TL;DR:
- Asep Medical Holdings Inc. achieved a crucial milestone with the approval of its AI-based sepsis diagnostic technology, Sepset, in the United States.
- The US patent, exclusively licensed to Sepset Biosciences Inc., validates the innovative approach to sepsis diagnosis, impacting a population of 332 million.
- This achievement follows European and Australian patent successes, expanding the technology’s reach to approximately 400 million people.
- The patent approval paves the way for formal clinical studies in the US, positioning Sepset for FDA approval and global deployment.
- Sepset revolutionizes sepsis diagnosis with a swift blood-based gene expression assay, offering results in 60-90 minutes compared to 8-36 hours with current tools.
- CEO Dr. Robert E. W. Hancock emphasizes the strategic importance of patents in the biotechnology sector, strengthening the company’s position in the market.
Main AI News:
In a significant milestone, Asep Medical Holdings Inc. has achieved a major breakthrough with the approval of its cutting-edge AI-based sepsis diagnostic technology, known as Sepset, in the United States. The company recently received official confirmation from its legal team regarding the successful patent approval for US Patent Application No. 16/279788, a development that covers a vast population of 332 million Americans. This accomplishment comes on the heels of the Company’s triumph in securing European and Australian patents in November 2022, collectively extending its reach to approximately 400 million individuals.
The US patent, officially granted on August 18, 2023, is exclusively licensed to Asep Inc.’s subsidiary, Sepset Biosciences Inc. It underscores the exceptional and pioneering approach that Asep Medical Holdings Inc. has taken in the realm of sepsis diagnosis, a condition responsible for more than 11 million fatalities globally each year. Sepset, a blood-based gene expression assay, was meticulously developed under the leadership of renowned UBC microbiologist and Asep Inc.’s Founder, Chair & CEO, Dr. Robert E. W. Hancock. This groundbreaking test not only facilitates early risk assessment for sepsis but also expedites targeted treatment strategies. It is worth noting that sepsis is a leading cause of mortality in individuals afflicted with severe COVID-19.

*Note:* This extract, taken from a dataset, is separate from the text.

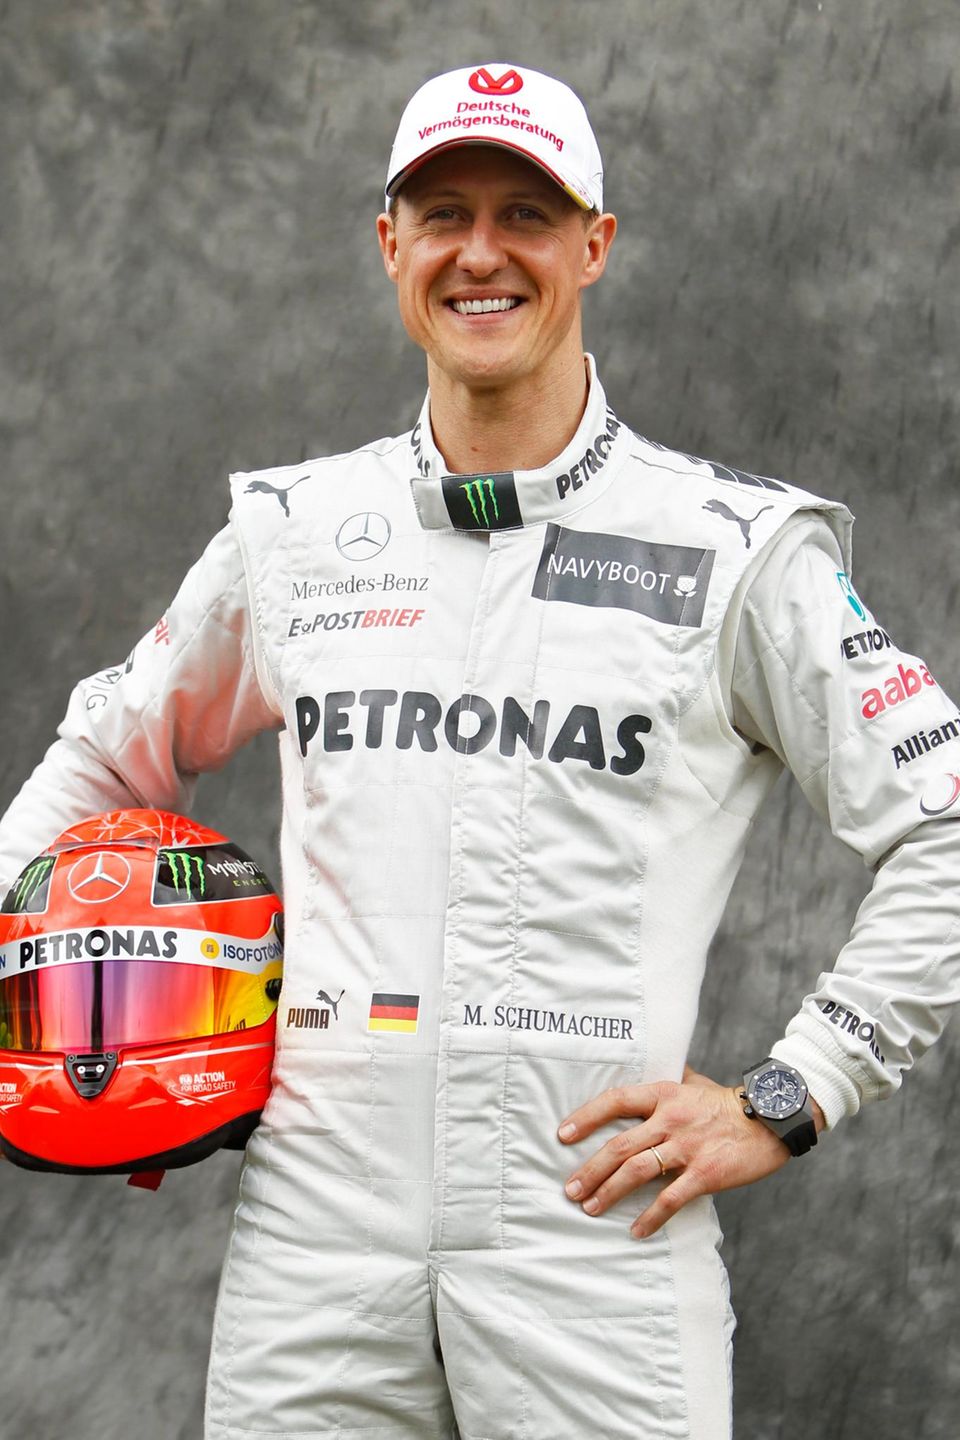 März 2012  Am 23. Dezember 2009 gibt Michael Schumacher sein Comeback in der Formel 1 bekannt. 2010 stellt Mercedes sein neues Team, bestehend aus Schumacher und Nico Rosberg, vor. 2012 gibt er nach keinem einzigen Sieg für Mercedes sein endgültiges Ausscheiden aus der Formel 1 bekannt.
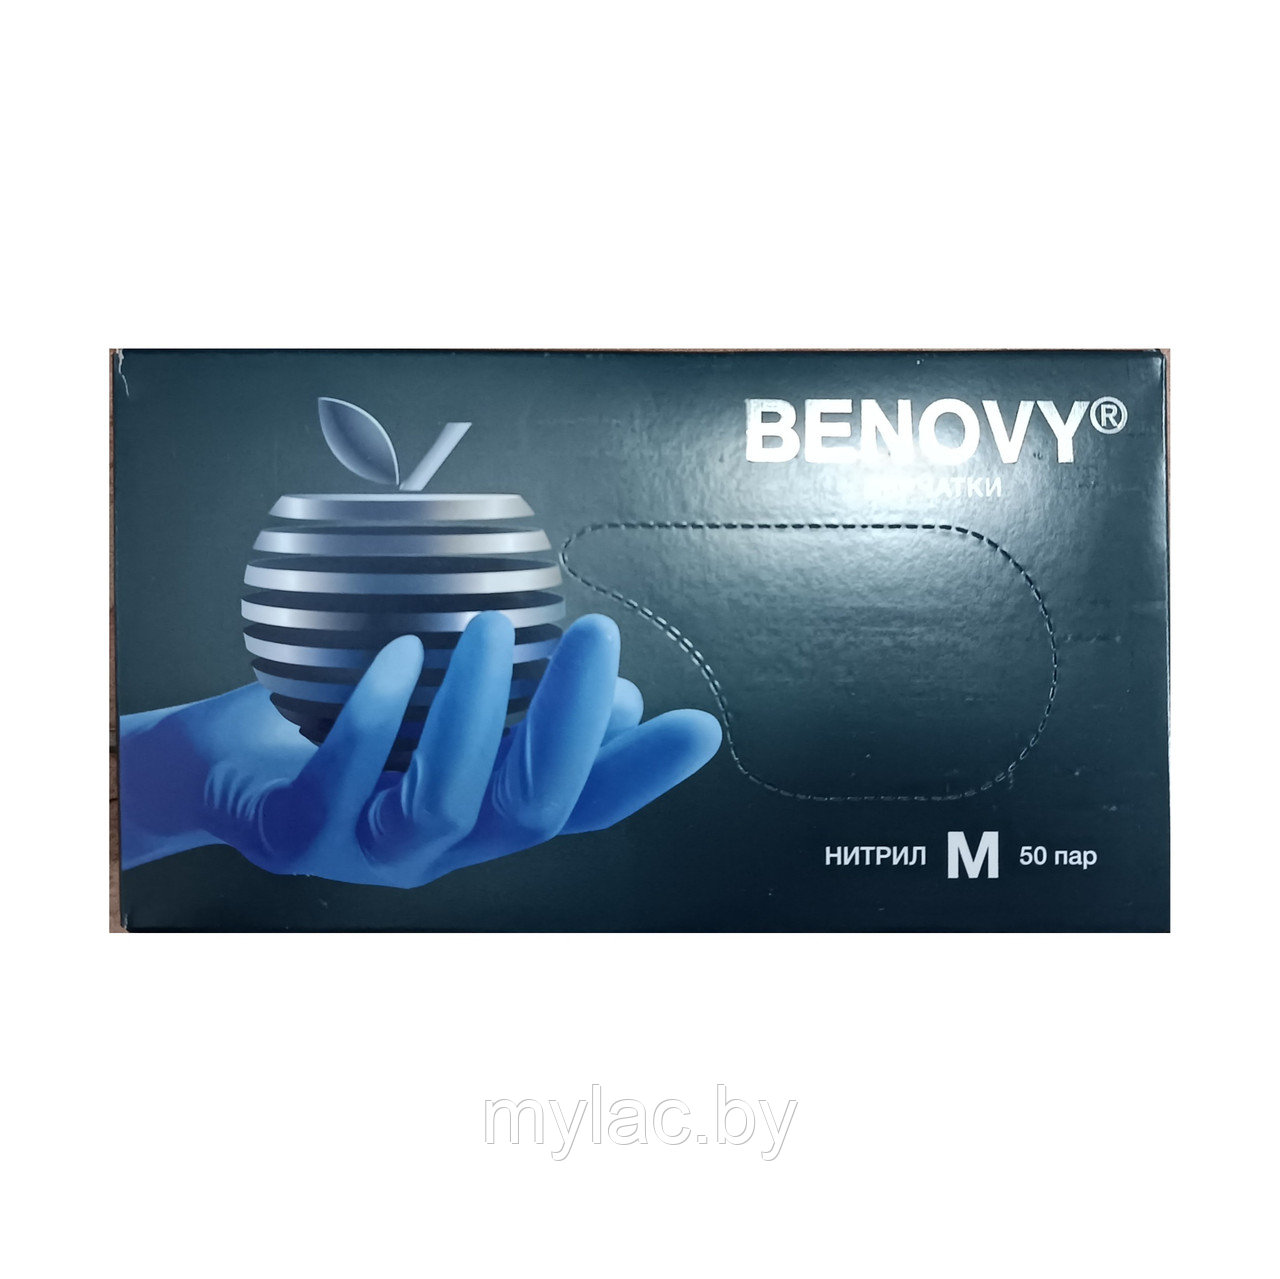 BENOVY Перчатки нитриловые сиренево-голубые текстурированные размер М 50 пар (100 шт.)

Moreover, these patents provide a firm foundation for the company’s future endeavors, especially as the Sepset test is in advanced stages of development and gearing up for formal clinical 510(k) studies in the United States. With the SepsetER signature having already demonstrated its effectiveness through validation and refinement in over 700 sepsis and severe COVID-19 cases to date, the company is now preparing to replicate this success in a formal trial setting. In the realm of diagnostics, the 510(k) pathway entails a single clinical study that, if successful, will culminate in approval from the US Food & Drug Administration (FDA). Once granted, the test will be made available for use in emergency rooms and intensive care units worldwide, equipping healthcare professionals with the ability to make well-informed decisions about patient care, ultimately leading to improved prognoses and higher survival rates.
The Sepset test is a groundbreaking innovation that detects the dysfunctional immune responses characteristic of sepsis from the moment patients enter the emergency room. This blood-based gene expression assay is designed for straightforward implementation using standard equipment found in most hospital laboratories, providing results within a remarkably swift timeframe of 60-90 minutes. In contrast, current diagnostic tools necessitate waiting times ranging from 8 to 36 hours, often resulting in delayed initiation of treatment. Sepset’s primary objective is to empower physicians to swiftly anticipate the severity of the disease, triggering immediate and tailored patient interventions.
CEO Dr. Robert E. W. Hancock emphasized the critical importance of patents in the biotechnology sector, stating, “Patents are the lifeblood of biotechnology companies like ours. This new patent in the US once again validates the novelty of our technology in major markets, which now represents over 700 million people.”
Conclusion:
Asep Medical Holdings Inc.’s successful US patent approval for Sepset signifies a major step forward in the battle against sepsis. The exclusive licensing and the potential for rapid diagnostics could revolutionize patient care, and this achievement strengthens the company’s position in the biotechnology market, appealing to a substantial global population.